The imposing 12-room wooden house was built on a rocky prominence looking over the Piashti River.
They eventually had 11 children.  Beetz hunted, fished, and trapped with the local villagers, and raised foxes for their fur.  He was a naturalist and ornithologist, and made numerous studies and hand drawings.  He also invented a mummification process for preserving animal bodies; however, the technique was lost when he died.

From 1903 to 1913 he was the local postmaster, and he often served as a sort of doctor.  He was credited with sparing the village from the Spanish influenza in 1918–1919 by restricting external contact and disinfecting mail.

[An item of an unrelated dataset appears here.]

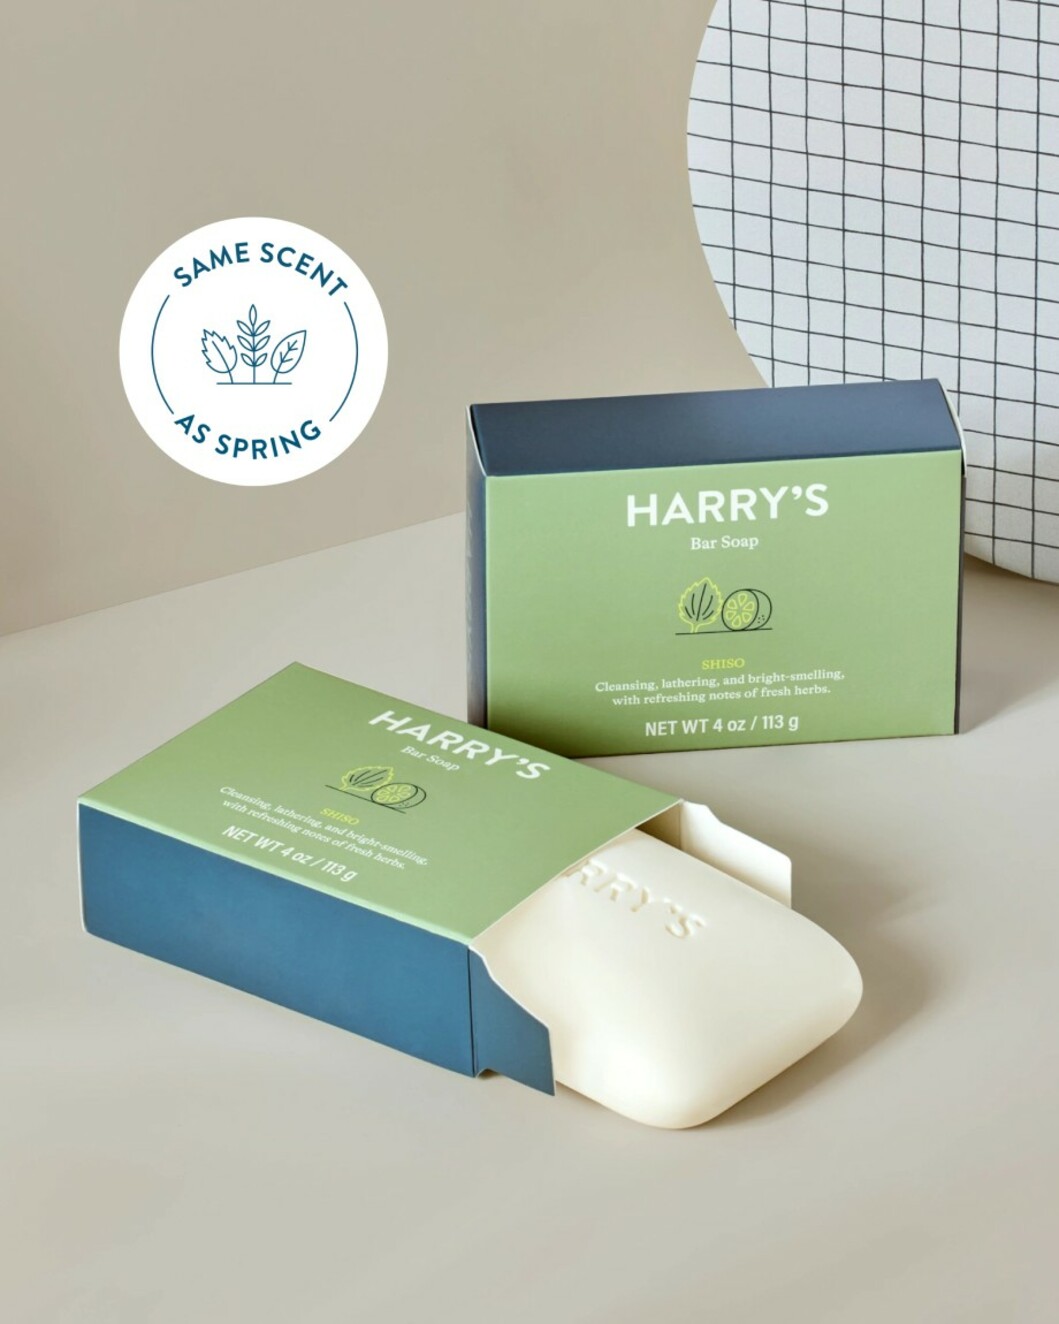 Harry's Bar Soap in Redwood Scent (2-pack) 113 g - CTC Health
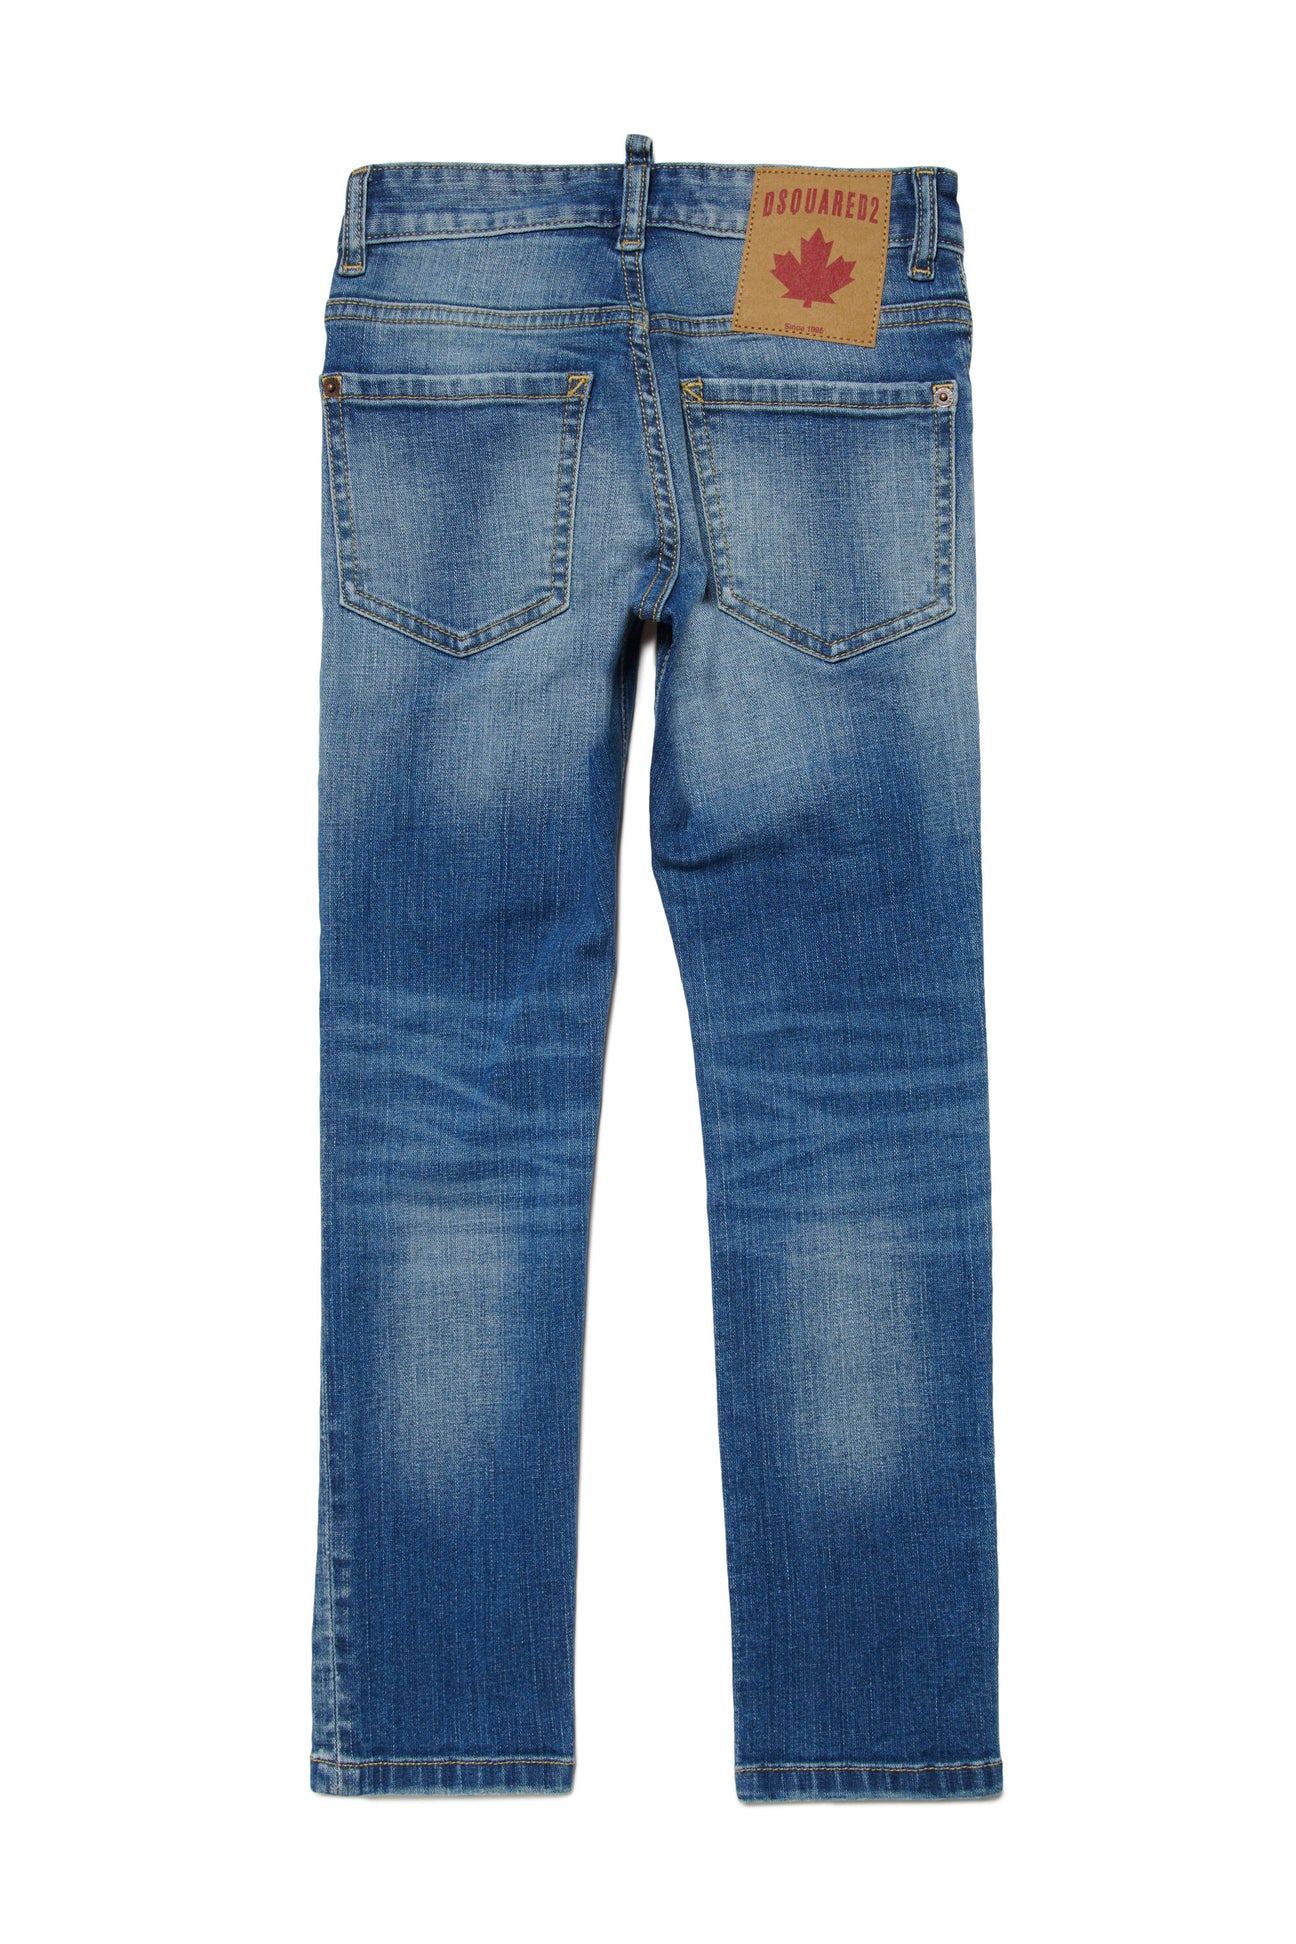 Shaded blue skinny jeans - Cool Guy Shaded blue skinny jeans - Cool Guy

In 1922 the Beetz family moved to Saint-Laurent, then a suburb of Montreal and today a borough of the city.  He bought a house there at 54 rue Saint-Germain.  In July 1924, he was made a chevalier in the Order of Leopold II by the Belgian government. He later lived at 322 avenue Laurier, in Quebec City, which has a plaque mentioning that fact. In 1931 he founded a zoo in Charlesbourg (today part of Quebec City), later known by the name Jardin zoologique de Québec (it closed in 2006).

He continued to raise foxes at a farm in Vaudreuil.  When the business was badly affected by the 1929 stock market crash, he was named director of the fox furring department at the Service de l'élevage des animaux à fourrure of the Quebec government.  He wrote a book on the subject entitled "L'Indispensable" à l'éleveur de renards argentés; it was published in English translation as "The Indispensable" for Fox Breeders, translated by Thos. J. Carbray.  The Université de Montréal wished to give him an honorary doctorate; however, he preferred to deliver an oral thesis presentation, for which he was granted a Doctor of Science degree (Docteur ès Science agricole (vulpiculture)).  The fox breeding industry in Quebec did not survive long after the death of its founder, however.

In 1965, the village where he spent many years of his life was renamed Baie-Johan-Beetz. There are streets named after him in both Baie-Johan-Beetz and Sept-Îles.  There is also a lake, Lac Beetz, in the Lac-Jérôme unorganized territory, which may be named for him, although the Commission de toponymie du Québec does not attest this.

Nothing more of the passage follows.